Вслед за Аркой площадь обрывается. Позади остается несмолкающий шум, будоражащие гудки машин, нечистый воздух полуденной толкучки, взрывы политических страстей, горячка рвущегося на свет бизнеса.

Нужно всего лишь выбраться с площади и пройти вверх, по улице. Становится тихо, спокойно, рождается и крепнет щемящая ностальгическая нота. И вместе с ней приходит сфокусированная точность взгляда, возвращает утраченные приметы… Бессветные, пыльные окна, оцепенелую застылость стен, сыплющую зеленью штукатурку, ржавое железо, клочьями свисающее с крыш и подоконников, гулкие, знобящие сыростью подъезды, наглухо заколоченные, перечеркнутые мертвыми досками. Прошлое подступает внезапно. Своеобразная странная эстетика умирания требует объяснения, низведения завораживающего воздействия символов до уровня заурядного факта. Ответ приходит, успокаивающий и однозначный.

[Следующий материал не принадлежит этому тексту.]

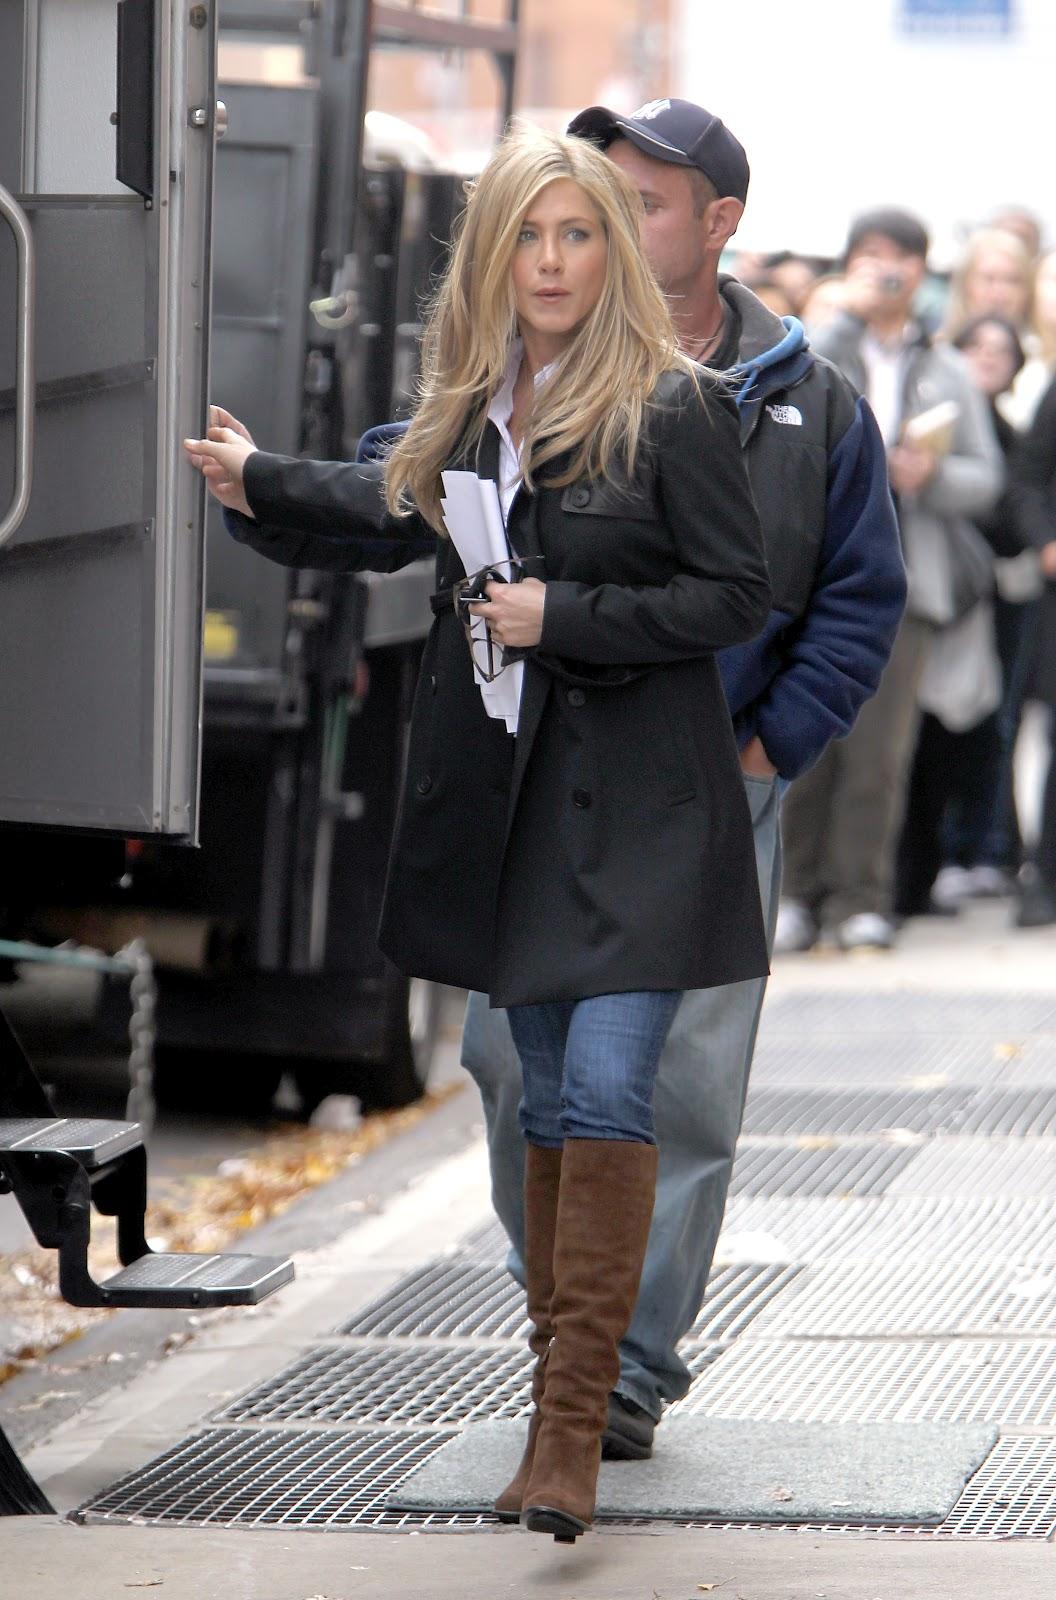 http://4.bp.blogspot.com/-2iIlqHQHYjI/T_PPMGMtljI/AAAAAAAABbQ/LbLiVOrCAyc/s1600/Aniston+Brown+Suede+boots3.jpg

Время распорядилось, похозяйничало в этих домах наилучшим образом. Отсюда выехали многочисленные жильцы комнат и комнатушек, обитатели заставленных рухлядью коридоров и коммунальных с прогнившими половицами кухонь. Они отправились в новые микрорайоны, оставив рамками газетного некролога следы семейных фотографий на выцветших обоях. Покинутые дома смутно помнят об ушедших. А бой курантов, долетающий с площади, замирающий, как капля ртути из разбитого градусника, и есть тот самый особенный звук забвенья…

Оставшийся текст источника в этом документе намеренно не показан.